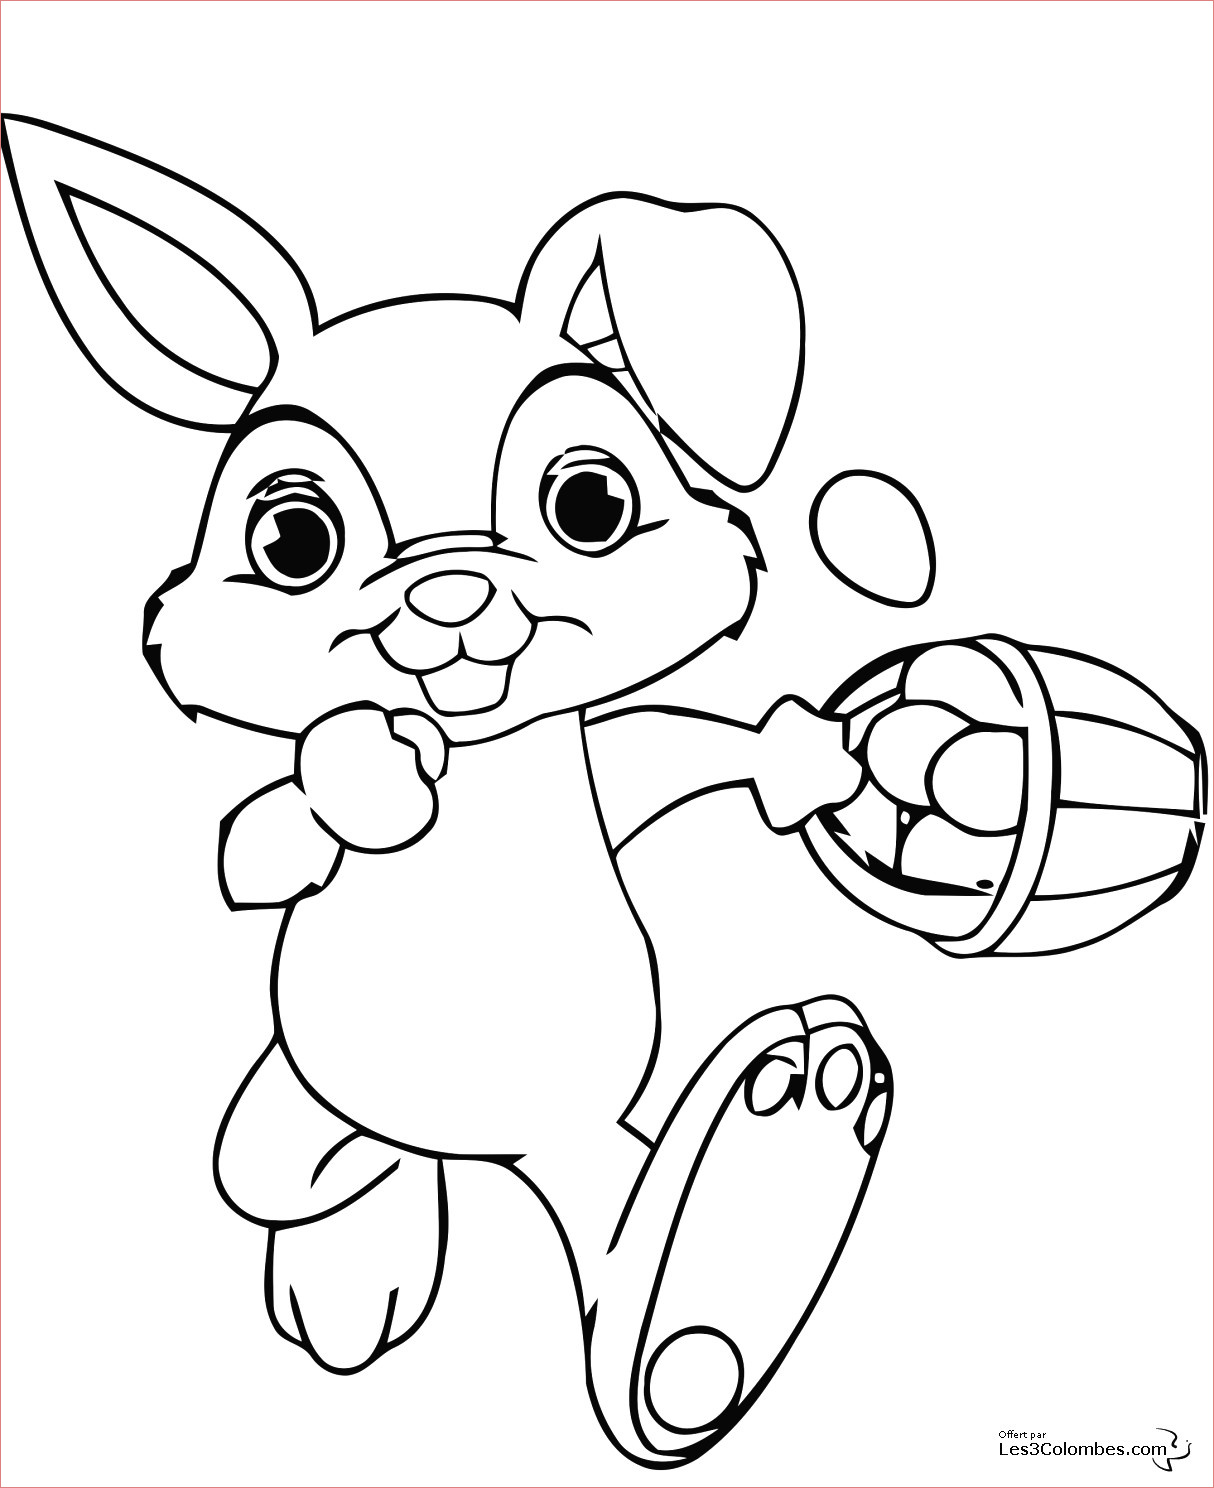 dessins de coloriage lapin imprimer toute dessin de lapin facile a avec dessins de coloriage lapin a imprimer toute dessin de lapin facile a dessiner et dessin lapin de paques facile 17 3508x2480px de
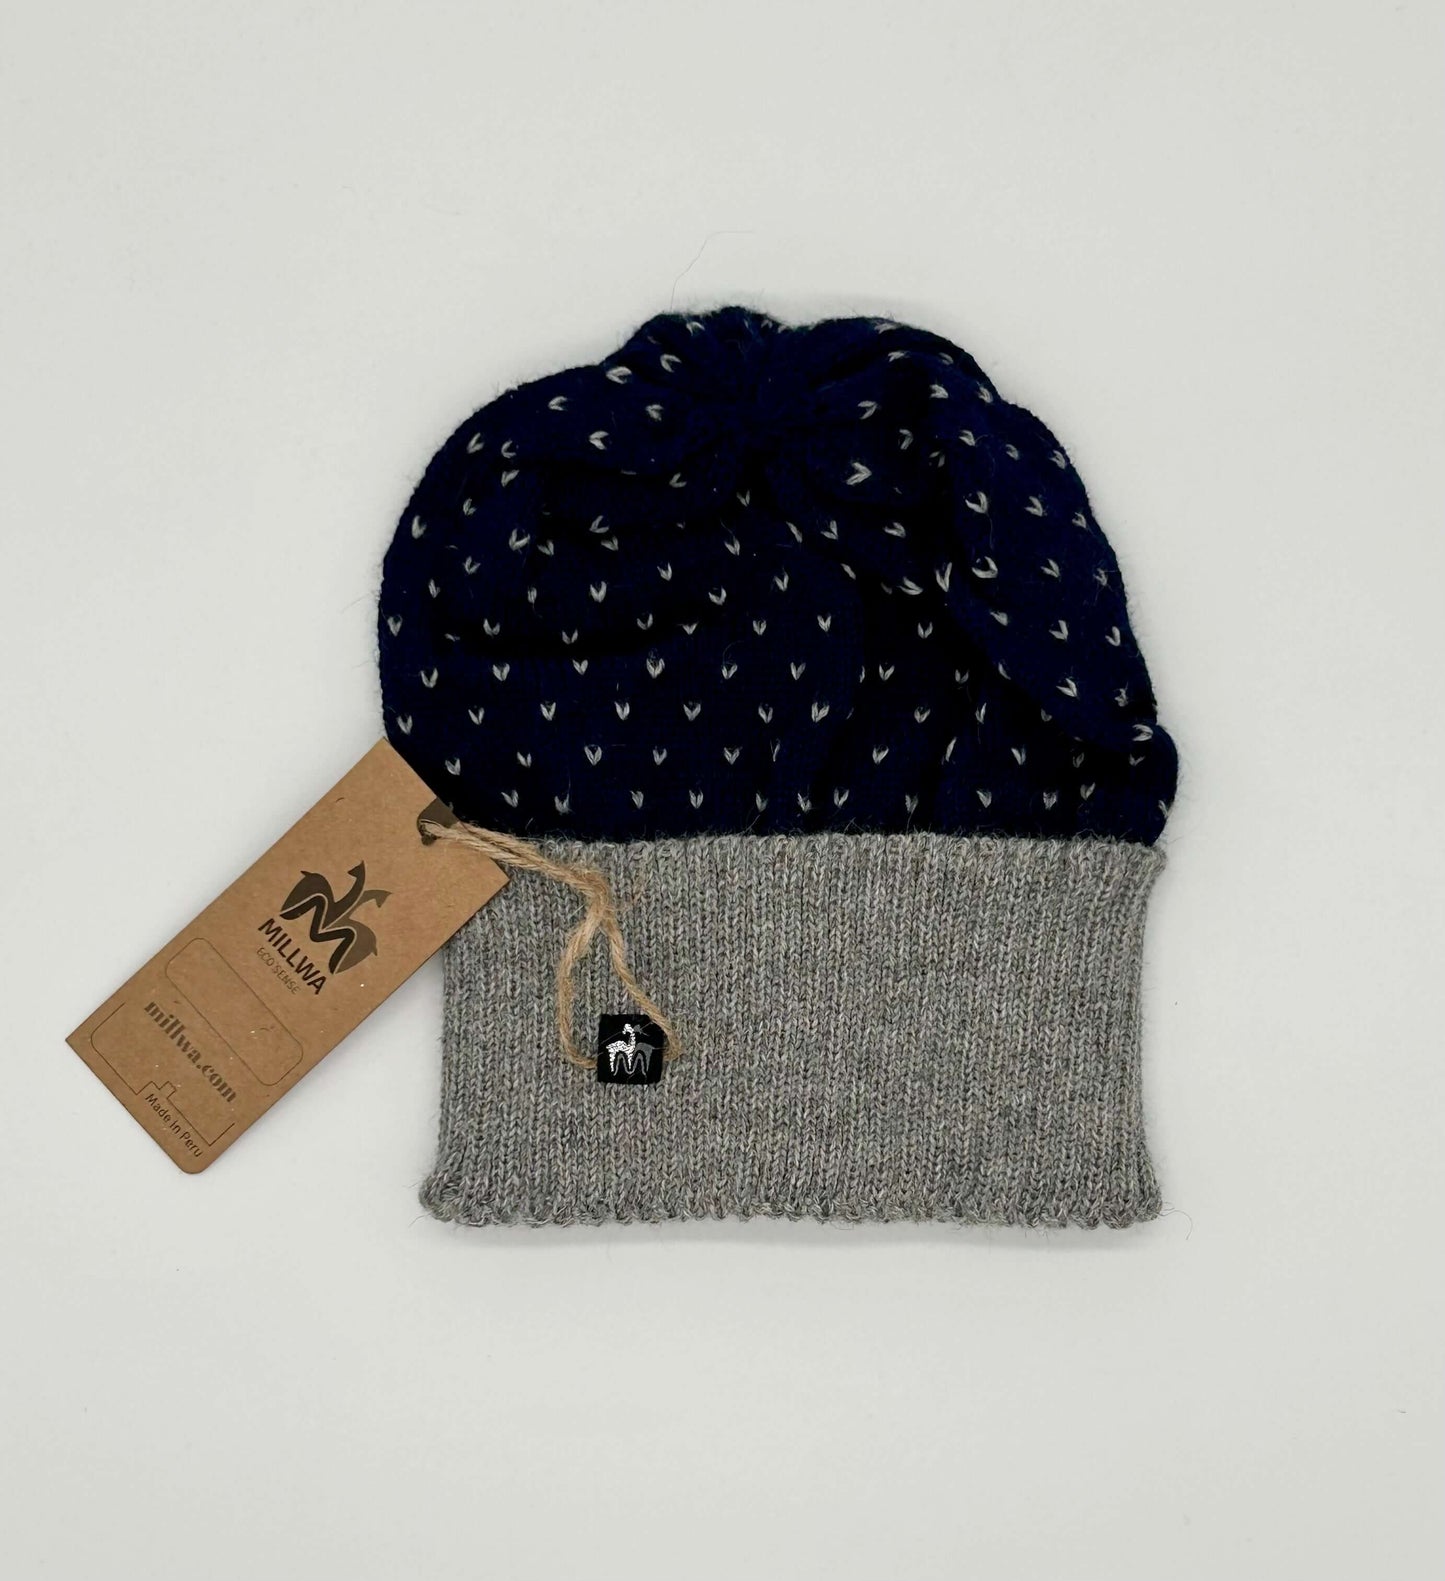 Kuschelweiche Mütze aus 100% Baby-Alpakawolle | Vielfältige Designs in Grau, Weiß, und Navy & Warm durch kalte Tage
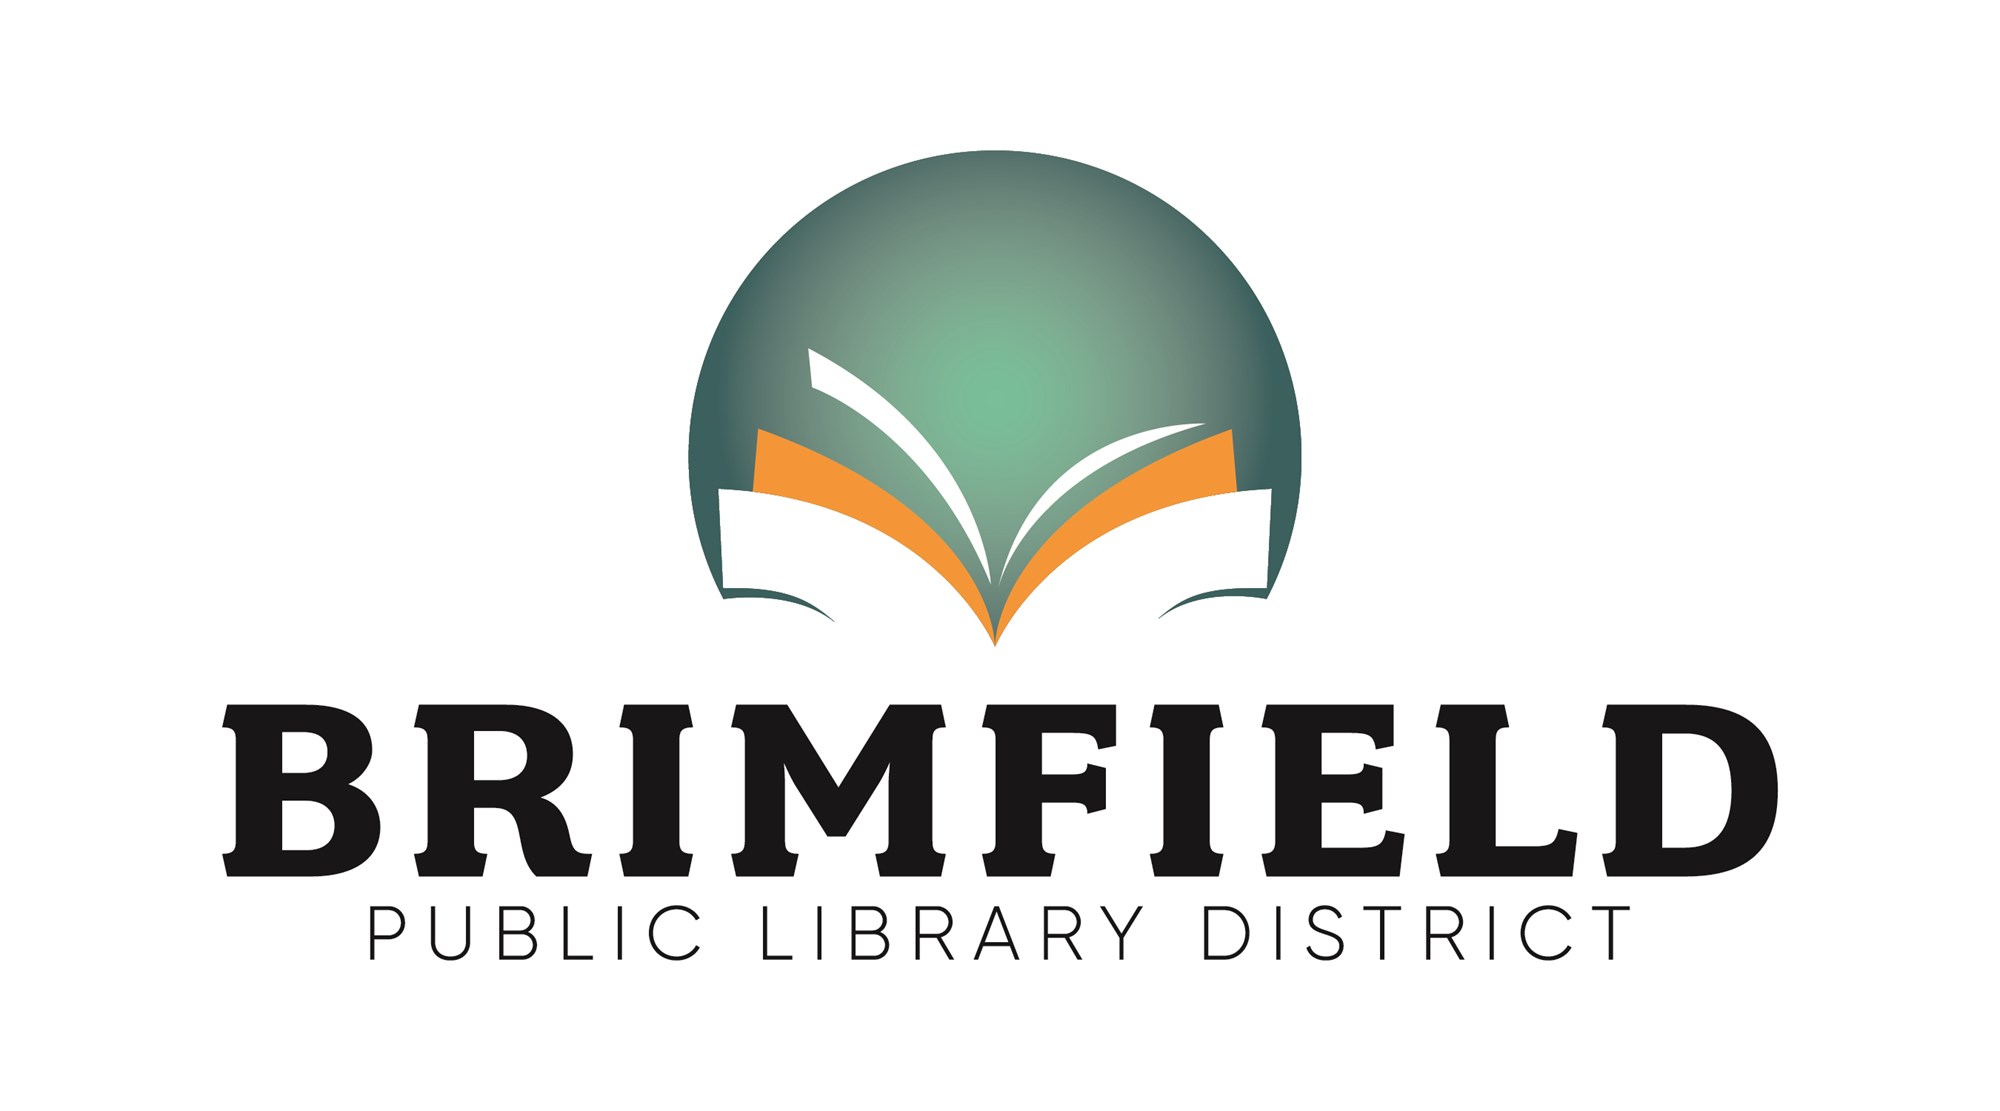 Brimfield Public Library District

Task directions → The lines to copy run from the line containing "Kuschelweiche Mütze aus" through the end of the data above; copy exactly those, minus the pictures.

Task response →
 Kuschelweiche Mütze aus 100% Baby-Alpakawolle | Vielfältige Designs in Grau, Weiß, und Navy & Warm durch kalte Tage
 Brimfield Public Library District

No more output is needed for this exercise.